Problem description:
The reply should reproduce every line of the data below word for word, minus any images.

Recorded data:
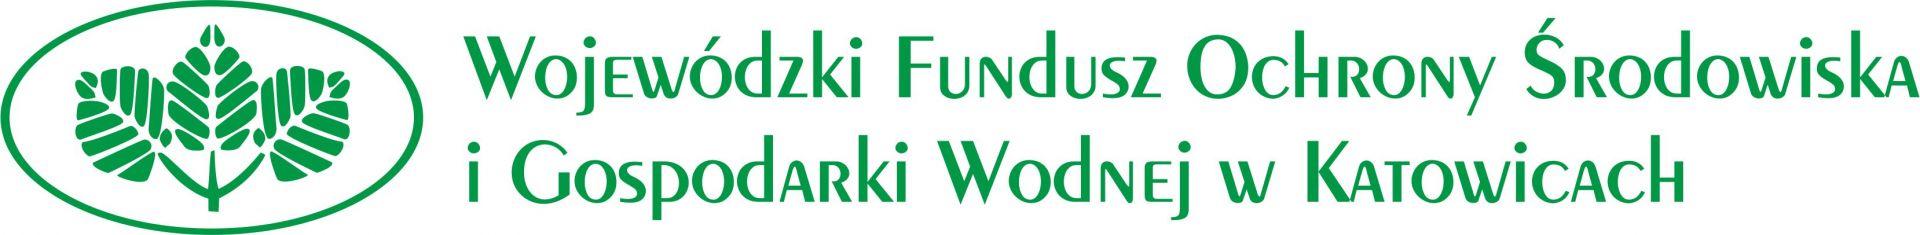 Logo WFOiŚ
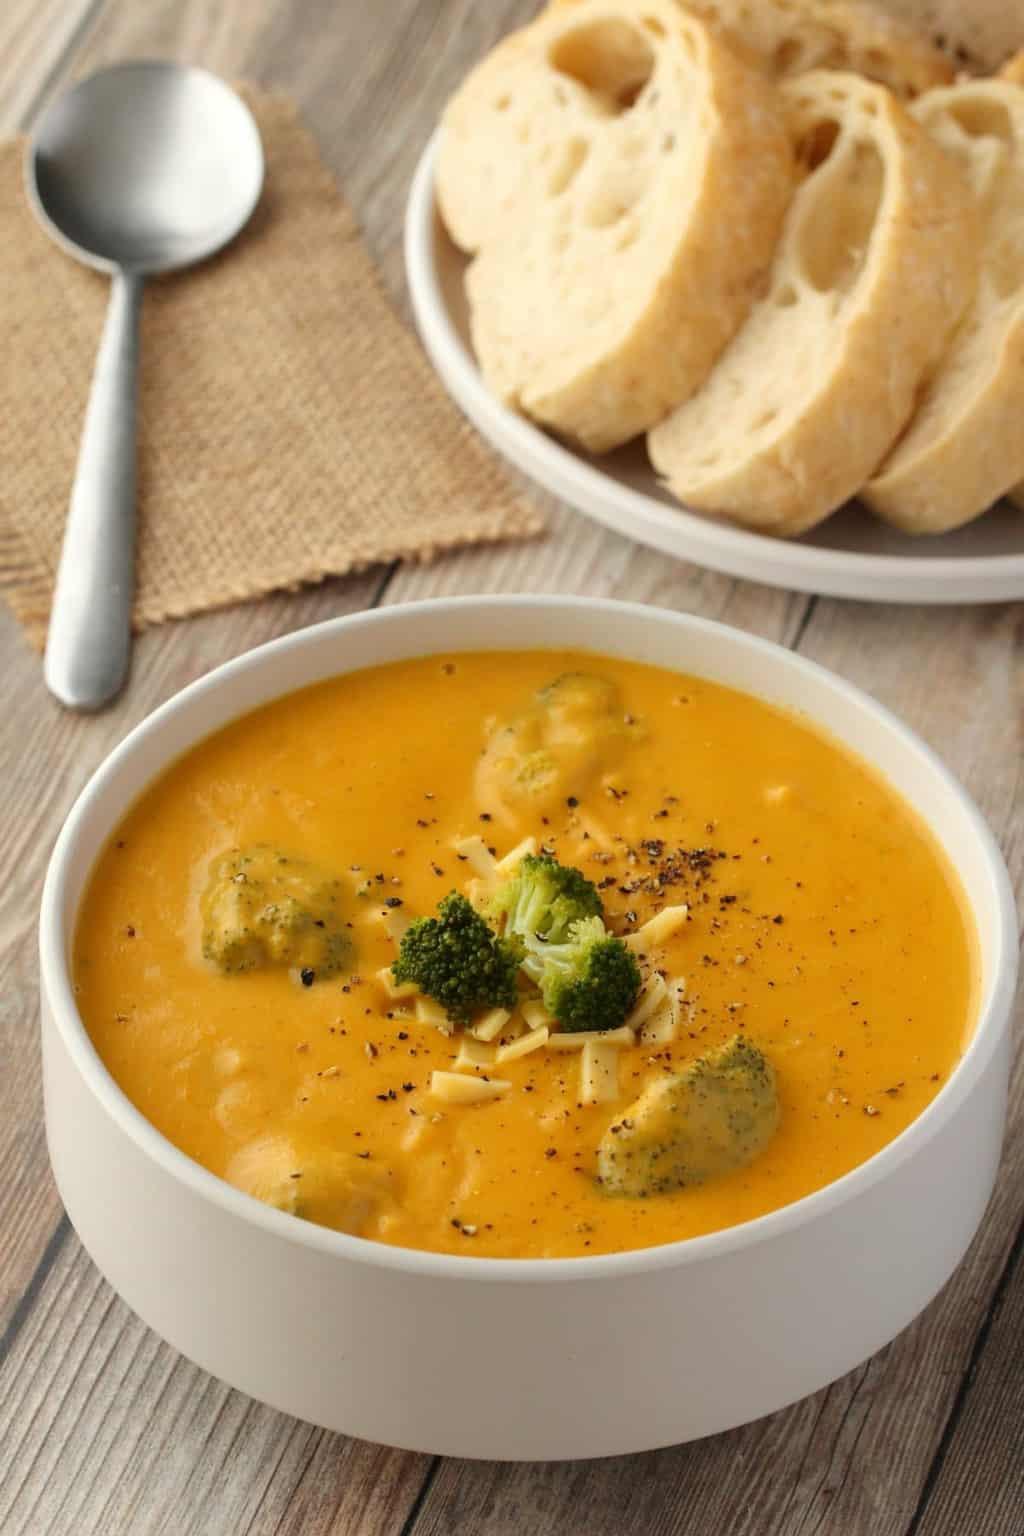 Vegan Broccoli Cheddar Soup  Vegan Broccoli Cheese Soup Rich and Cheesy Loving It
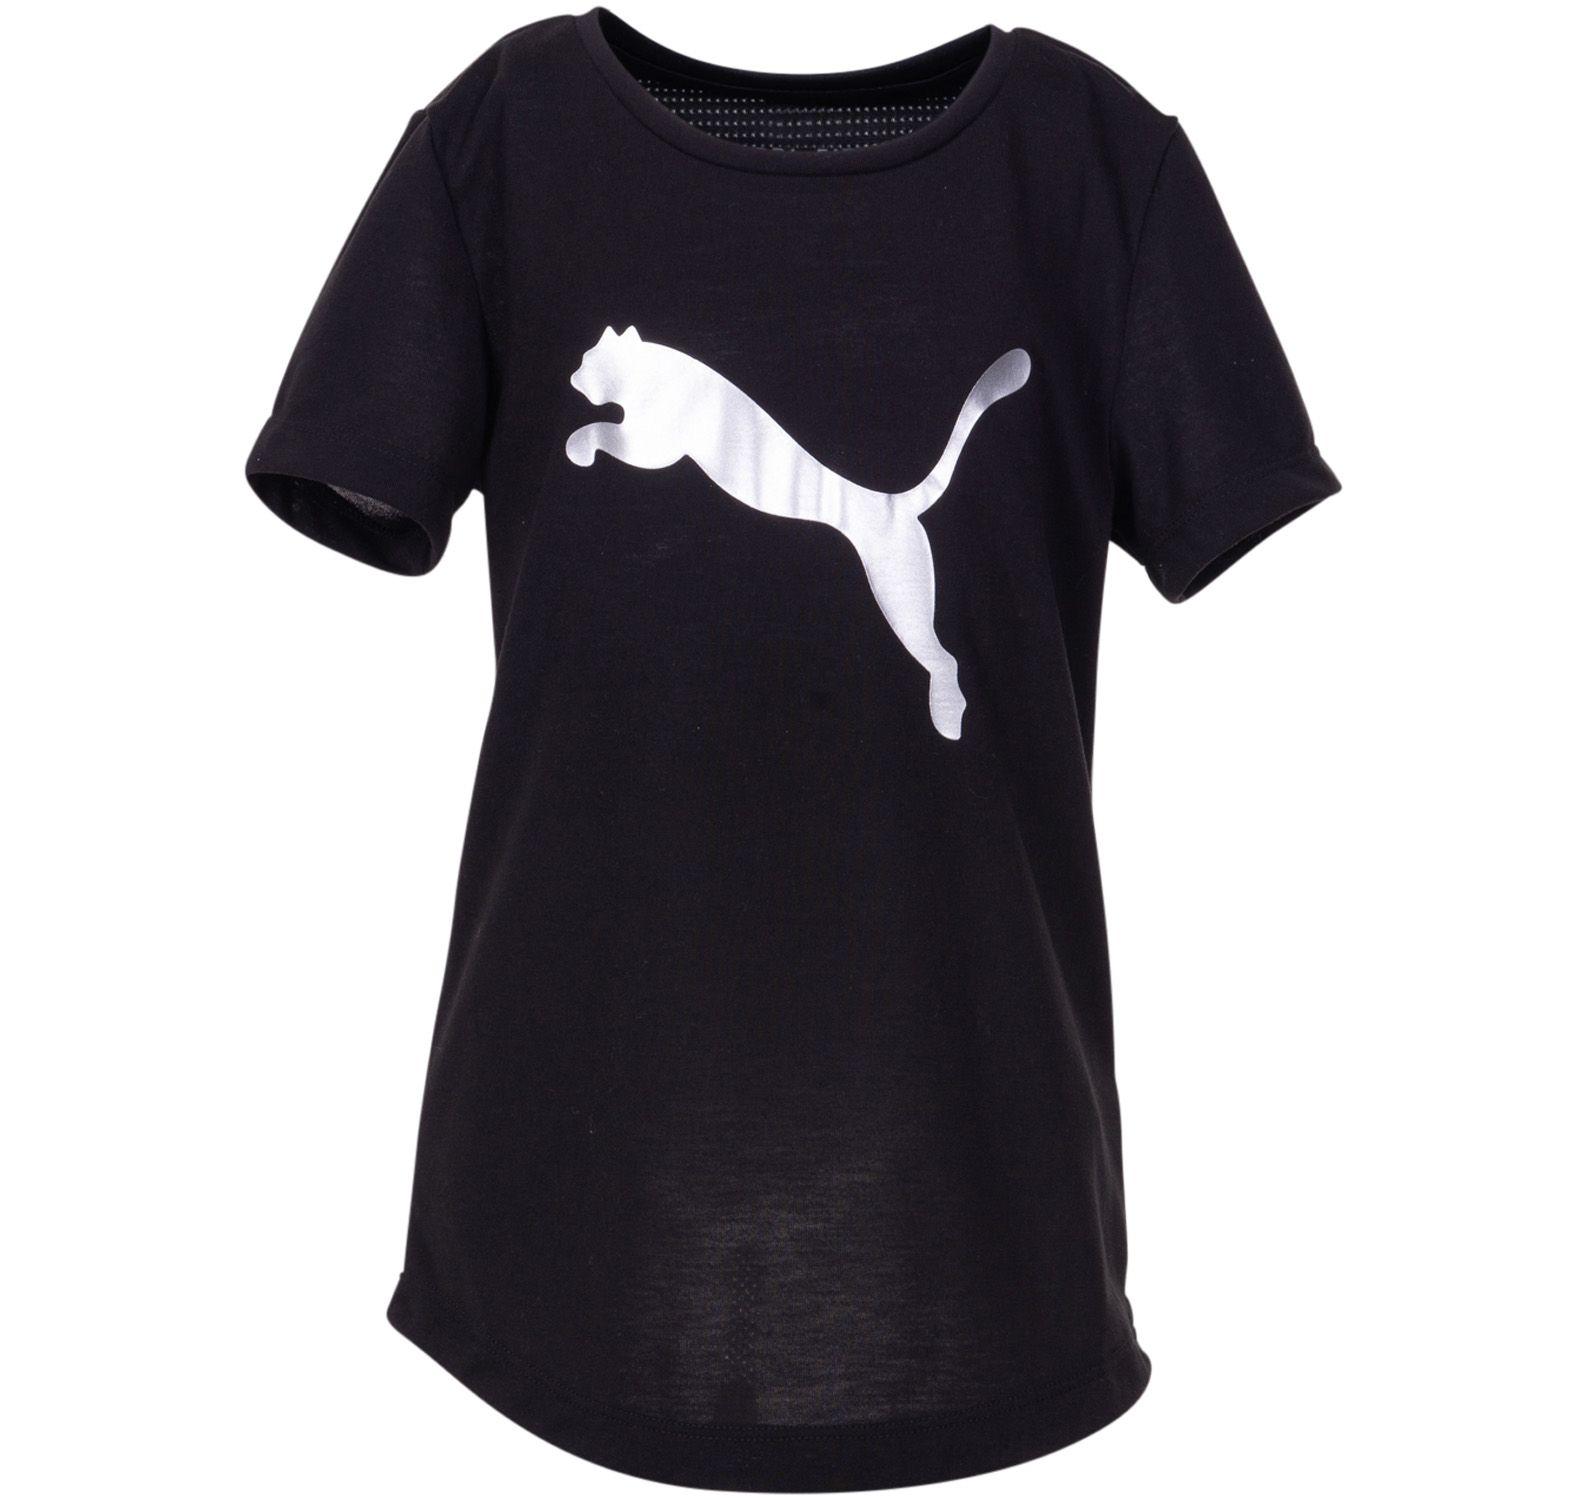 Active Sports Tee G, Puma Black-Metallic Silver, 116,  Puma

Output:
 Logo WFOiŚ
 Vegan Broccoli Cheddar Soup  Vegan Broccoli Cheese Soup Rich and Cheesy Loving It
 Active Sports Tee G, Puma Black-Metallic Silver, 116,  Puma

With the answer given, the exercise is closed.